Photo: Richard Brian

“If you’re deranged enough to kill yourself, you come here to do it,” remarks Jac, the top hat wearing tour guide for the Vegas Haunted Tour. “Las Vegas is the suicide capital of America.”

A handful of middle-aged tourist couples swivel in their bus seats to catch a view of the red-spired Stratosphere at the end of the Strip, the most popular place from which to jump (although the hotel won’t admit it; bad for business). Jac, a retired undertaker and comedian, tells the story of a drugged-up teenage boy who, after a street-level argument with his parents, rode the elevator to the observation tower and dove off, resulting in a three-inch thick mess. He now haunts the hotel’s parking garage. Another ghost supposedly appears in the middle of an escalator, rides it to the top and vaporizes. The ghosts always haunt between 2 a.m. and 6 a.m., the “dead hours,” Jac explains.

Haunted Vegas Tour

“Ever see The Shining? This is the Overlook Hotel,” says Jac welcoming us inside the Flamingo Hotel. He tells us the story of infamous mobster Bugsy Siegel, the Flamingo’s founder and a sadistic killer who would break his victims’ fingers before finishing them off.

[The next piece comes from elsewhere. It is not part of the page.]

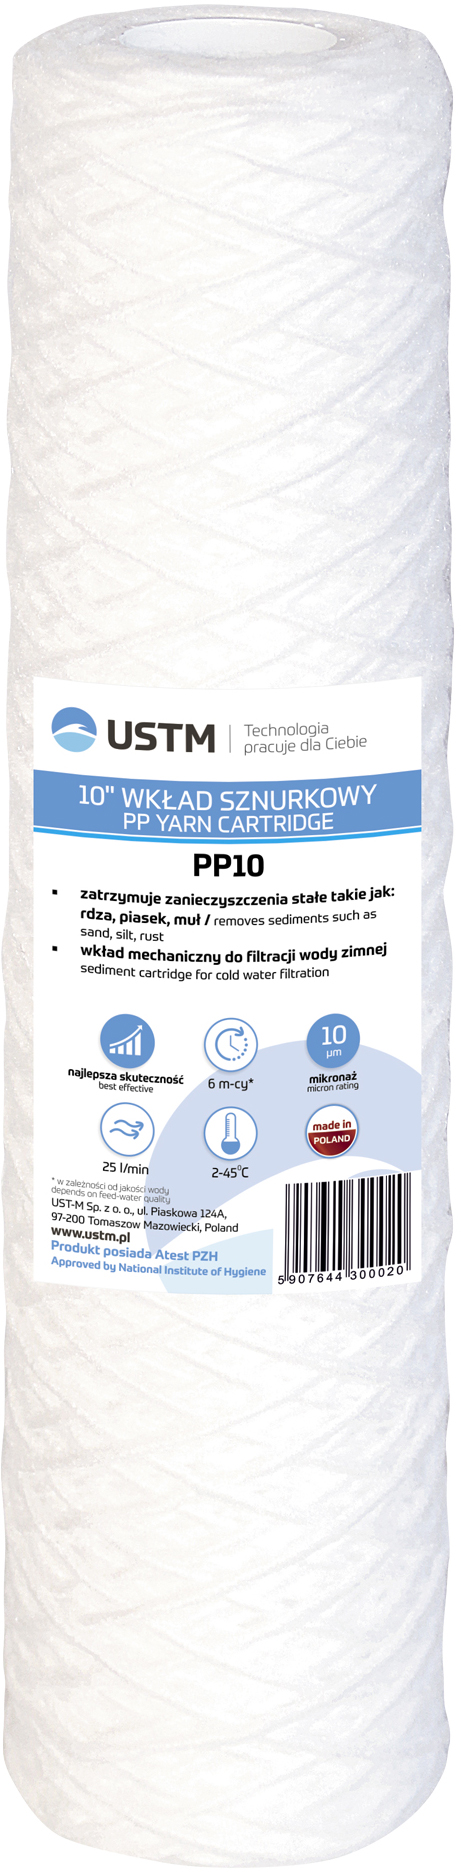 Картридж для фильтра USTM PP10
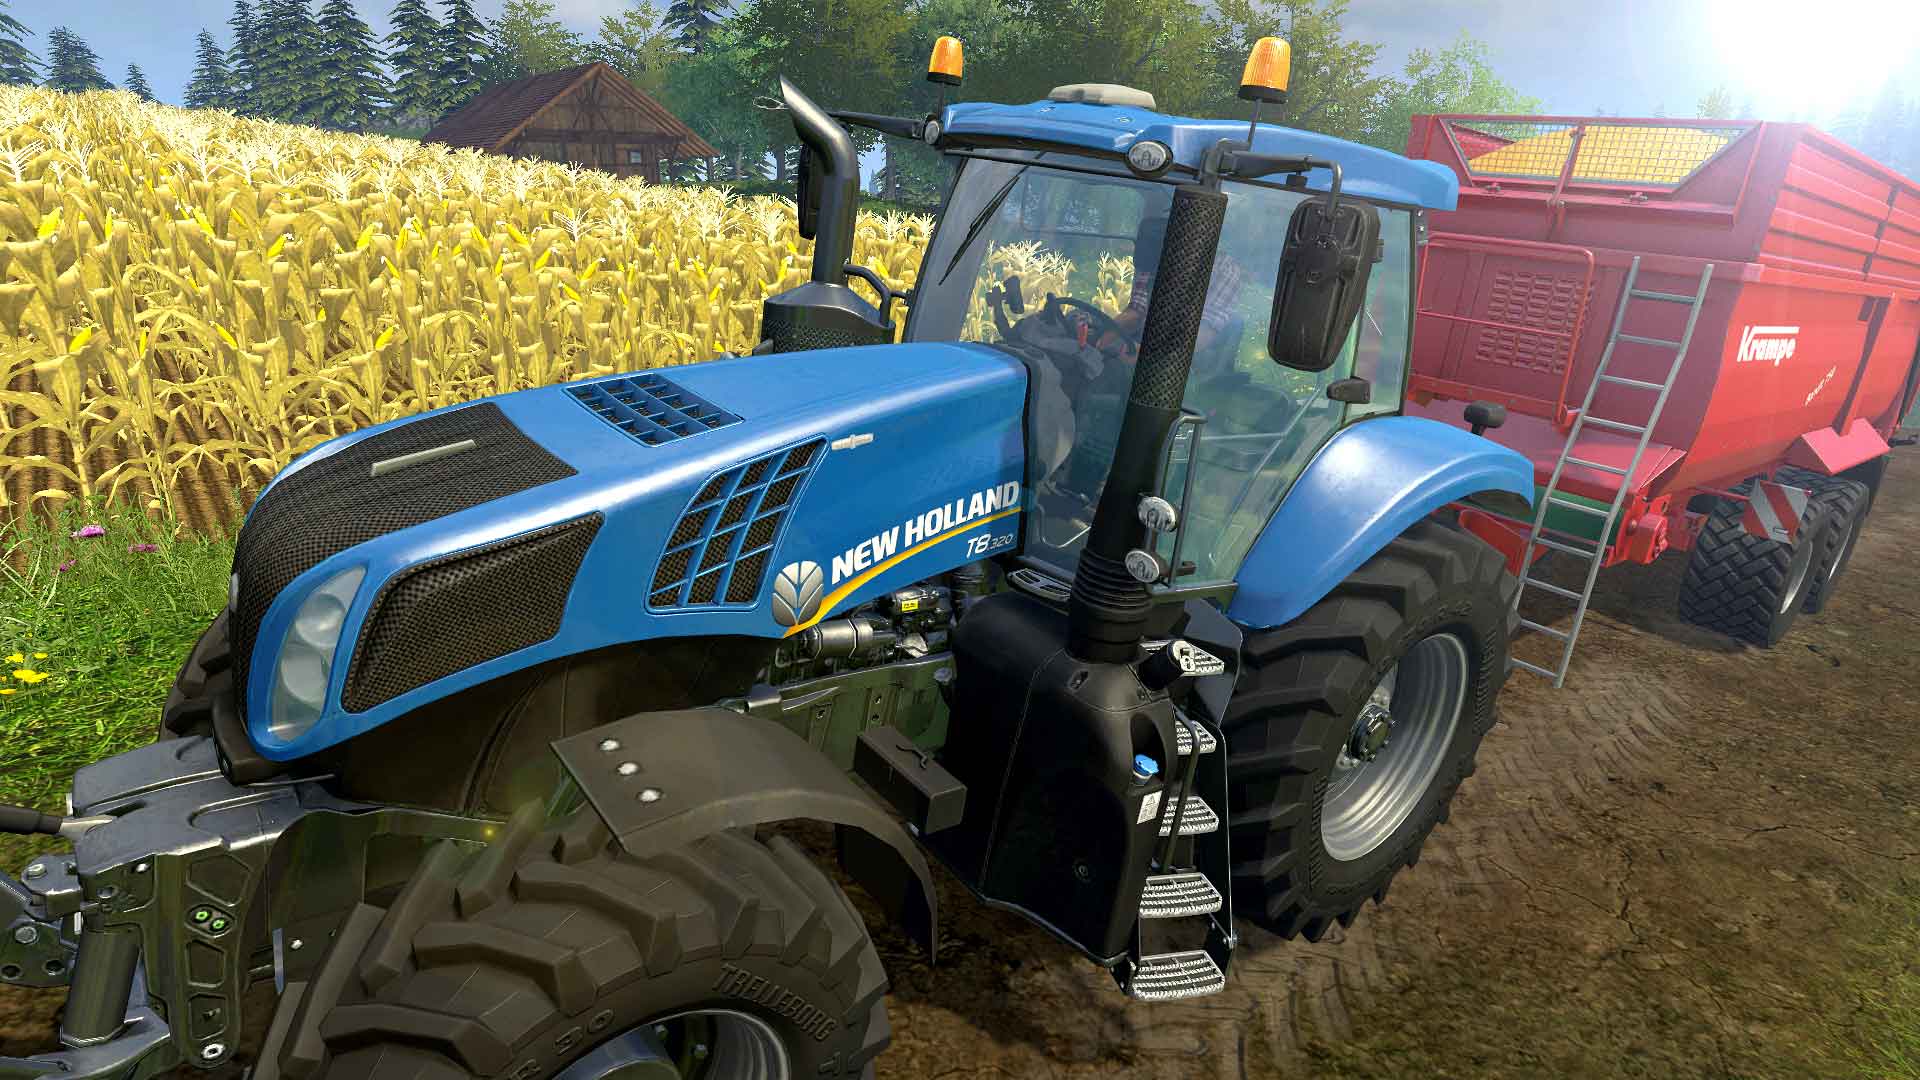 Farming Simulator 15 Download

His orb (a white sphere of ectoplasmic, or ghostly, energy) floats around the hotel’s jungle gardens. At night, the gardens are deserted (except for the hotel’s namesake flamingos), primitive and eerie. His orb usually appears to the left of the monument dedicated to him or near the small wedding chapel. Orbs can’t be seen by the eye, Jac says, but appear on film and in pictures. A collection of digital cameras emerges.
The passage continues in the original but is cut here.